A new report claims that Apple is going to design its own batteries in-house. Sure, they’re already described as designed by the company, but this could be a whole new ballgame. And since battery life is the key performance indicator, it could be great news.
The report comes from ET News and it explains that Apple is investigating a next-generation battery technology. This is not a new development but it looks like the battery could be another component Apple will take inhouse, alongside its silicon and, one day, its iPhone modems.
It will be a big change, the report claims, seeing the development of new materials, “such as cathode and anode materials,” it says, explaining that “cathode materials are key materials that determine performance such as battery energy density, output and stability.”
The report says it is “heard that Apple is pushing for a new composition that is completely different from the previous one in order to improve performance by making cathode materials by combining raw materials such as nickel, cobalt, manganese, and aluminum.”

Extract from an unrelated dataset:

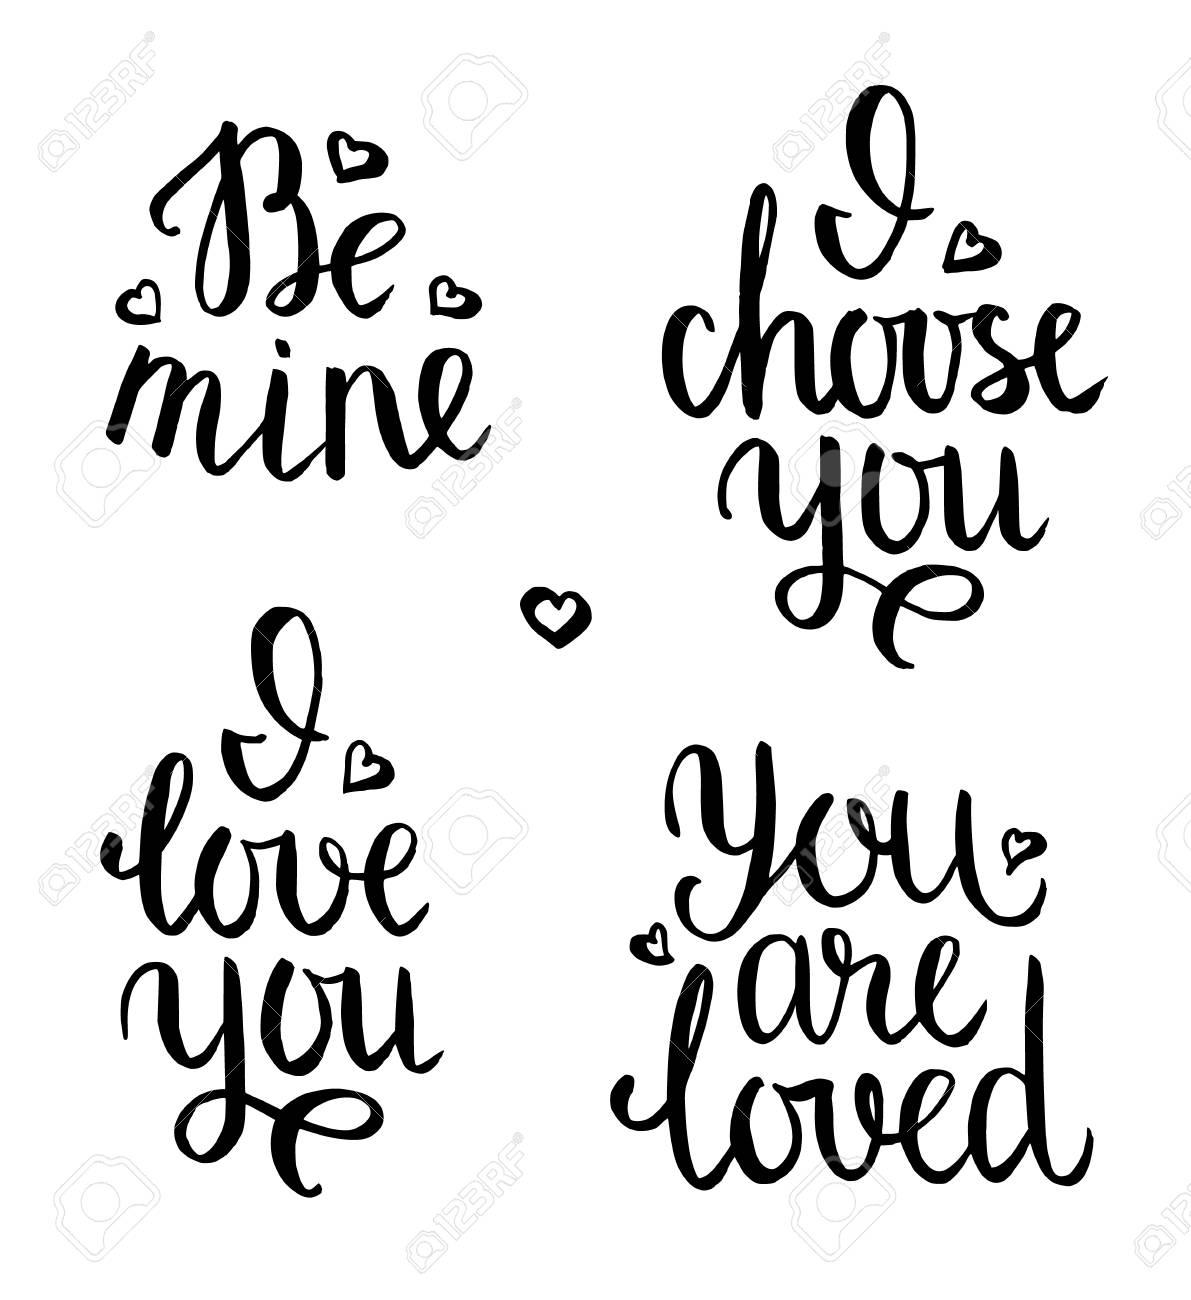 Frases Desenhadas Mão Conjunto De Letras Românticas Citações Positivas Do Dia Dos Namorados Seja Meu Eu Te Amo Você é Amado Eu Escolho Você

There’s more detail, touching on carbon nanotubes which could be used as a conductive material to improve performance, and how silicon content could be increased to replace graphite, which would increase battery capacity and shorten charging and discharging time, it says.

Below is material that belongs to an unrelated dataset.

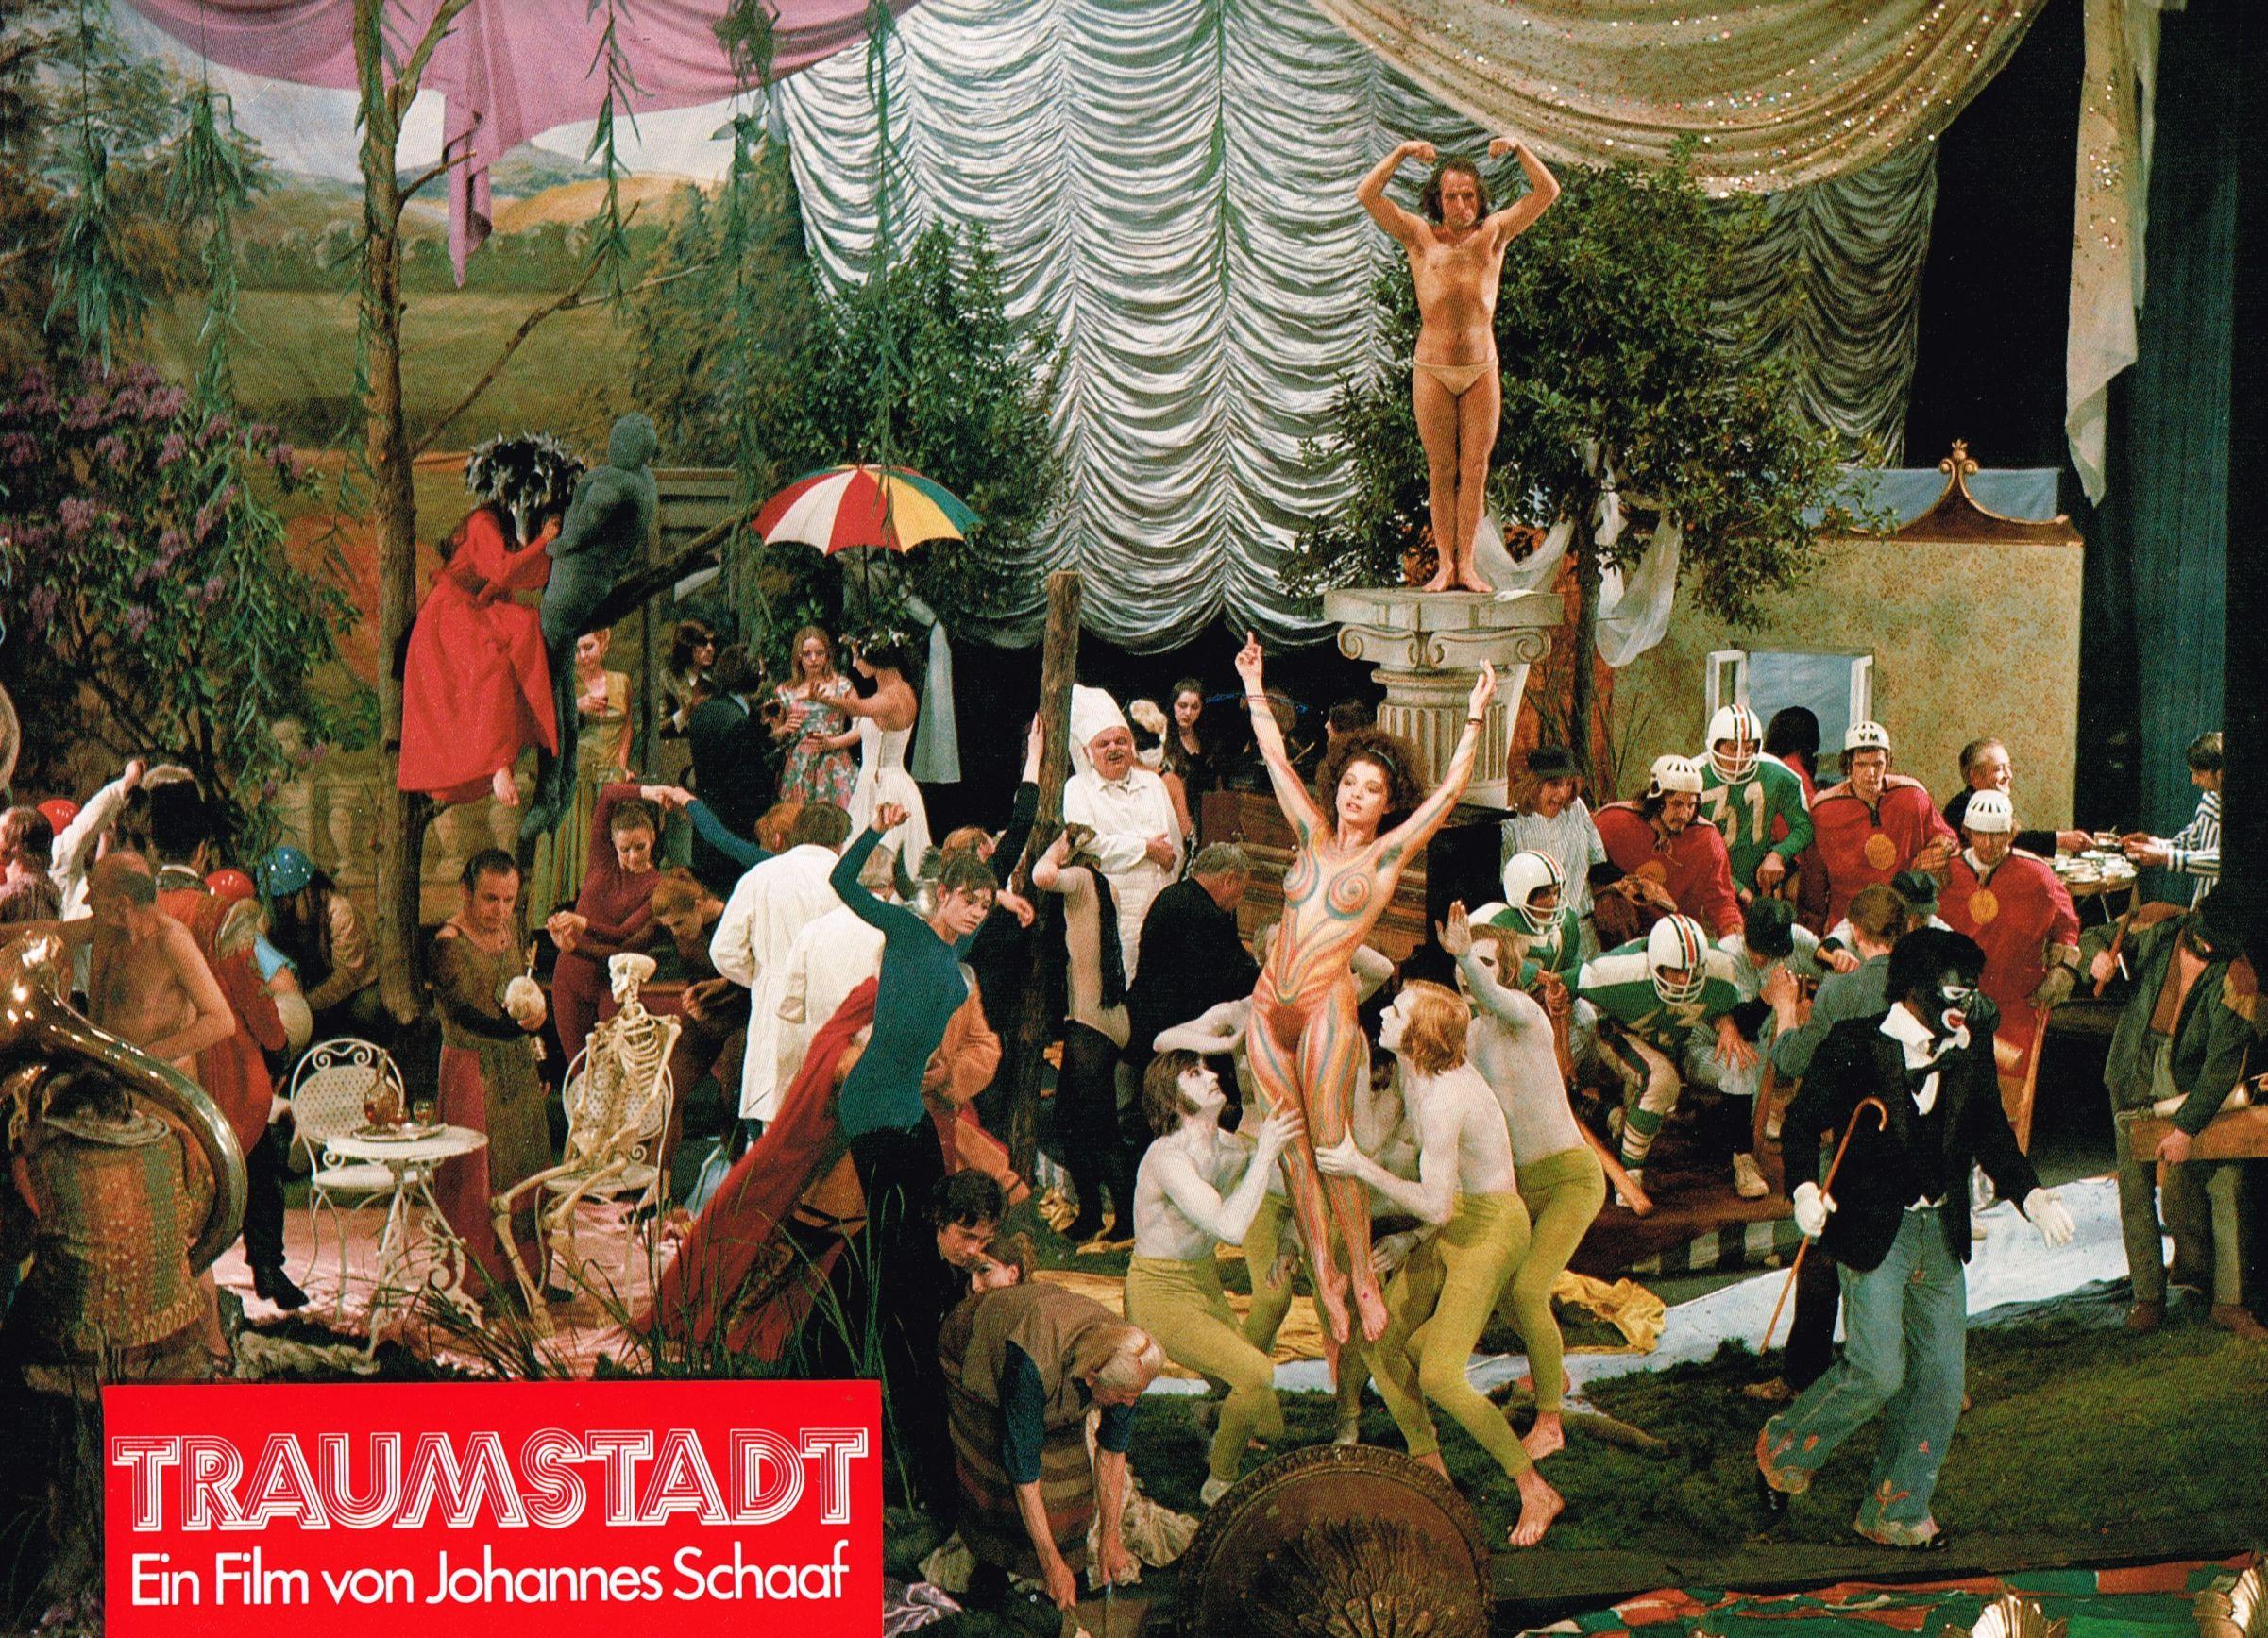 Traumstadt Film

Enough of the science, increased battery performance is universally to be welcomed. As devices such as phones and tablets become more capable and require faster computations that draw more power, the struggle to improve battery life continues.

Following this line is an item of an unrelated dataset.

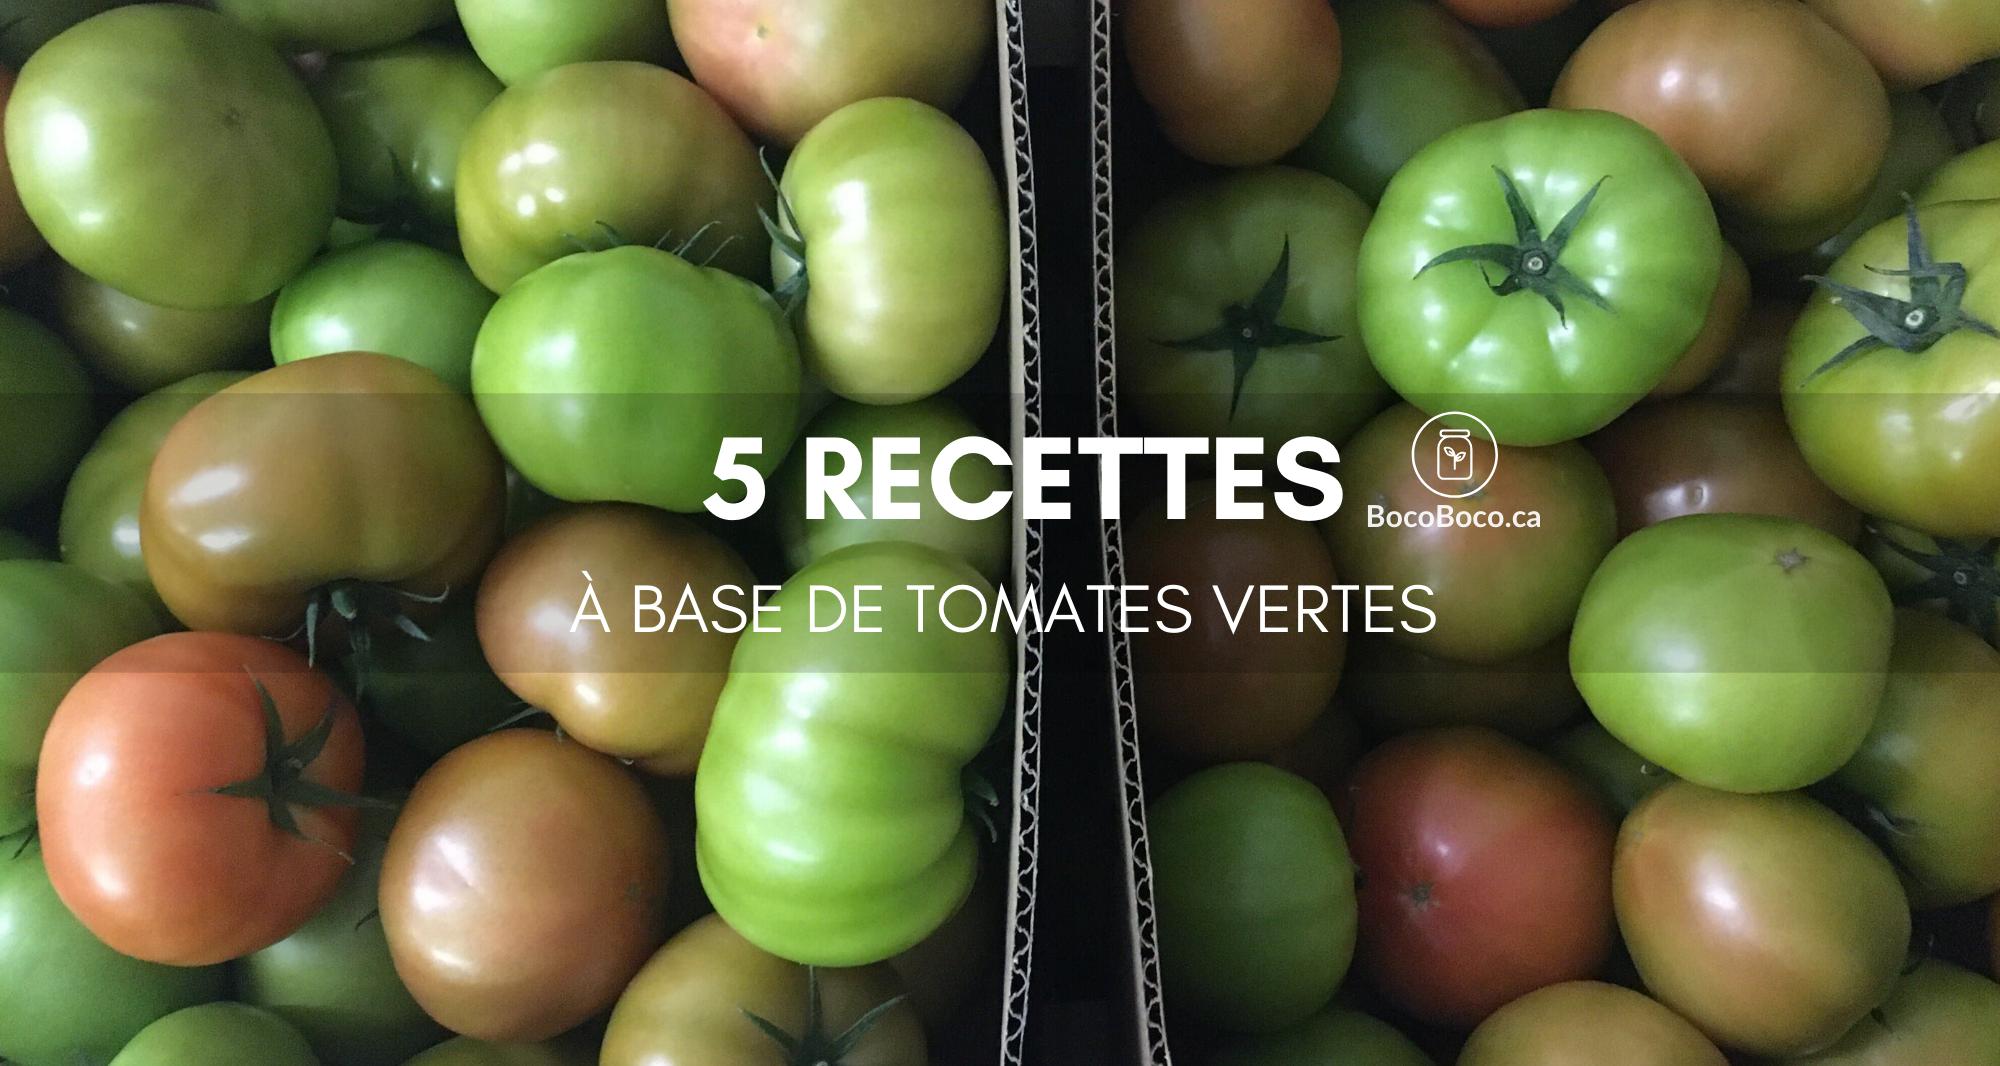 5 recettes à base de tomates vertes

The Apple Vision Pro requires an external battery to power it, attached by cable, and lasts a couple of hours, so imagine if that could be several times more efficient and allow for a smaller, lighter battery or much more screen time.
The report points out that Apple recruited a Samsung executive to work on its battery project. It also says that while the long-term aim could be for the long-predicted car, “mobile is the main target of battery development identified this time.”
That’s exciting, but there’s a sting in the tail: it won’t be ready until 2025 or later, meaning it’s the iPhone 17 or iPhone 18 that will benefit from this ground-breaking tech.